您的电子邮箱地址不会被公开。 必填项已用*标注

评论列表(179)

  1. “Lookin’ good, son. Lookin’ good.” His dad says over the stream of the warm cleansing water as it caresses his mature man body.

  2. “Yep. I’ve had one since I put on my gear at practice today.” He tells his dad. I was surprised He wasn’t angry. He said,” boy you wait here, I am going to the bathroom.” He closed the door. He must sit on the toilet with pants down because I heard him losing the belt but didn’t hear him peeing. After a while, he called my name,” get in here ass sniffing slut.” I opened the door and crawled to the side of daddy. Daddy was still sitting on the toilet. . Just when I was confused why he sat that and did nothing. He stood up and pulled his pants up. I did take a peep of daddy’s huge uncut Middle Eastern dick. Half hard like 7inches already. While he was doing that, he grabbed my hair pushed right into the toilet, and closed the lid. “ smell my ass from there boy when it is still fresh.” He paused and continued, “ Don’t move.”

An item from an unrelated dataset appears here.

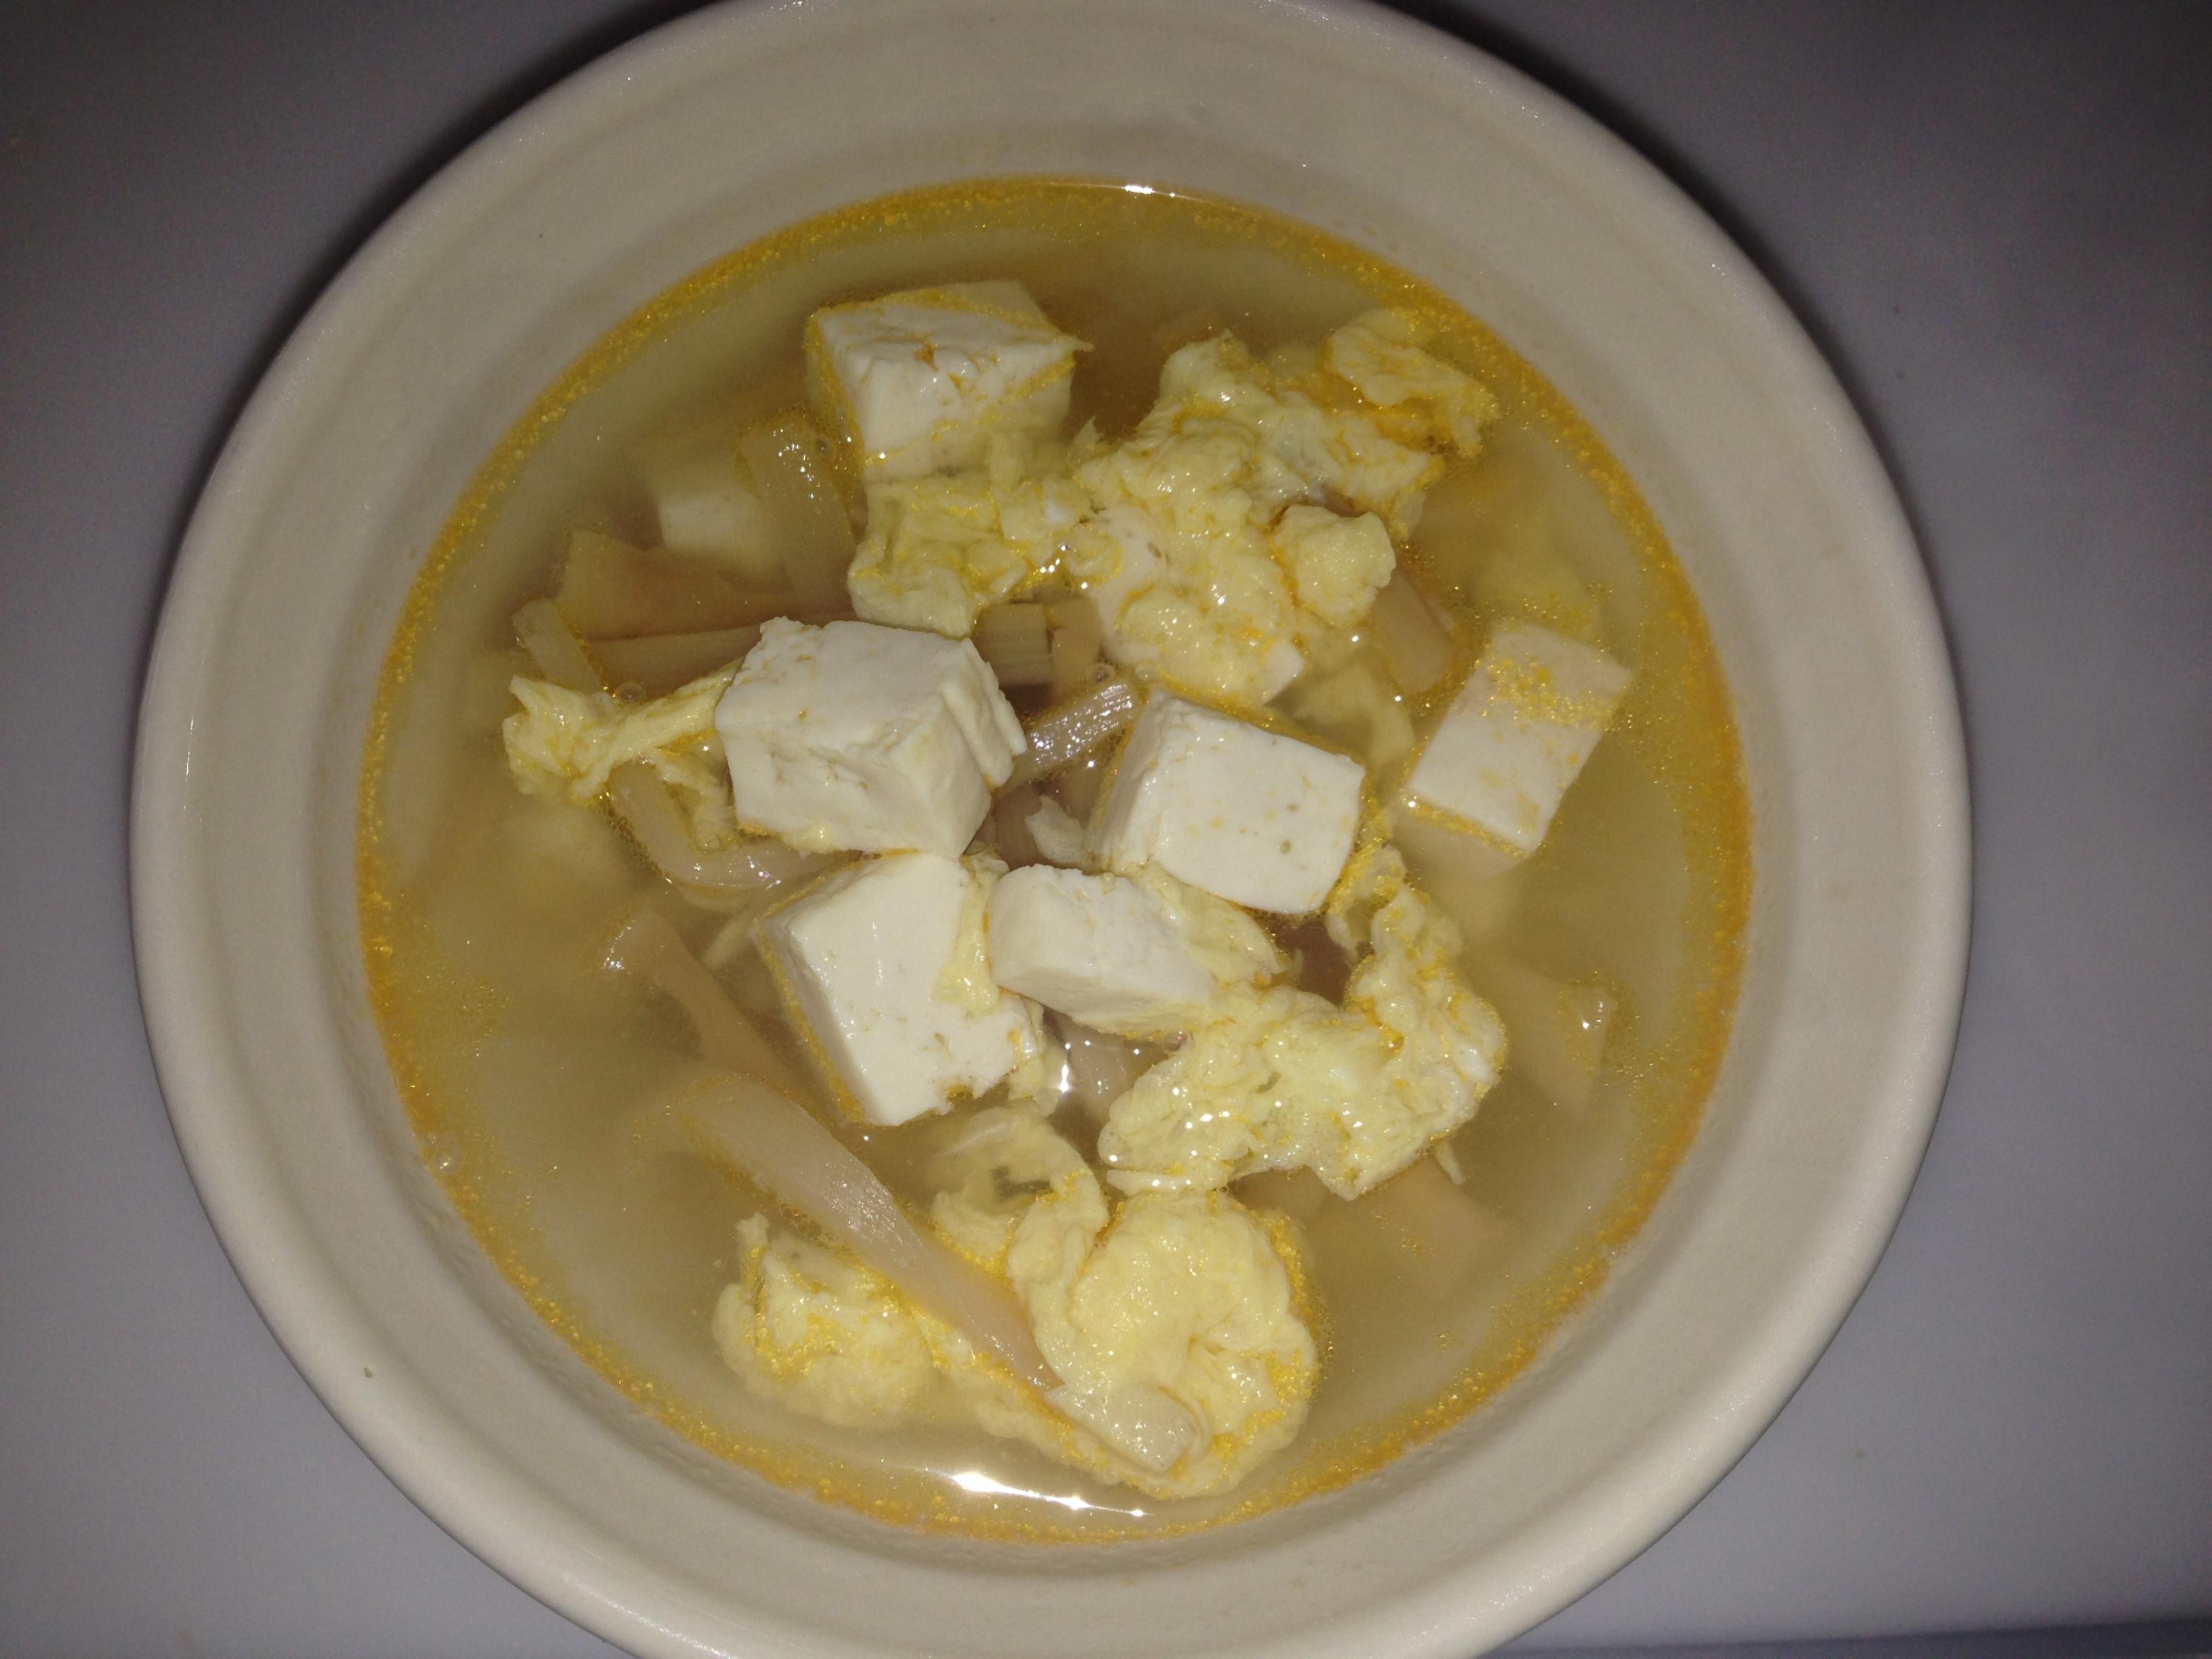 男の簡単料理 19皿目「酸辣湯風スープ」

  3. Thanks a lot, Loads of stuff!
    best online casino for missouri residents [url=https://usacasinomaster.com/#]top 10 online casino[/url] no deposit bonus codes for vegas casino online

  4. He gulps once as his dad mounts more pressure on his balls. Squeezing them. [url=https://arturzasada.pl/]polskie porno[/url] His father’s words are what he hears when he erupts. His cum streaming like liquid threads from the pee-hole of his rigid cock.

  5. Nicely put, Thank you!
    no deposit free sign up bonus online casinos [url=https://luckyusaplay.com/#]online casino with no deposit bonus[/url] casinos mexico online

  6. You made the point.
    gambling online casino real money [url=https://uscasinoguides.com/#]online casino welcome bonus[/url] gta online casino heist stealth guide

  7. You expressed this terrifically!
    minimum deposit online casino usa [url=https://usagamblinghub.com/#]new online casinos[/url] gta 5 ps4 online casino

  8. Superb information, Many thanks.
    real money online casino no deposit sign up bonus [url=https://usacasinomaster.com/#]new online casinos usa real money[/url] online casino sites uk

  9. You reported this wonderfully!
    online casino in arabic [url=https://usaplayerscasino.com/#]no deposit casino bonus usa online casinos[/url] jugar casino online gratis

  10. Many thanks. I like it.
    ignite online casino [url=https://luckyusaplay.com/#]casino onlines[/url] online casino affiliate marketing

  11. Useful stuff. Cheers.
    what is the most legit online casino [url=https://usagamblinghub.com/#]new online casino no deposit bonus usa[/url] online casino japan

  12. With thanks, Loads of content!
    tropicana online casino pa app [url=https://uscasinoguides.com/#]best usa online casinos[/url] new jersey licensed online casinos

  13. Nicely put, Thanks a lot.
    play free slot casino games online free [url=https://usaplayerscasino.com/#]online casino sign up bonus[/url] tennessee online casino

  14. Howdy, i read your blog from time to time and i own a similar one and i was just
    wondering if you get a lot of spam feedback? If so how
    do you reduce it, any plugin or anything you can suggest?
    I get so much lately it’s driving me crazy so any support is very much appreciated.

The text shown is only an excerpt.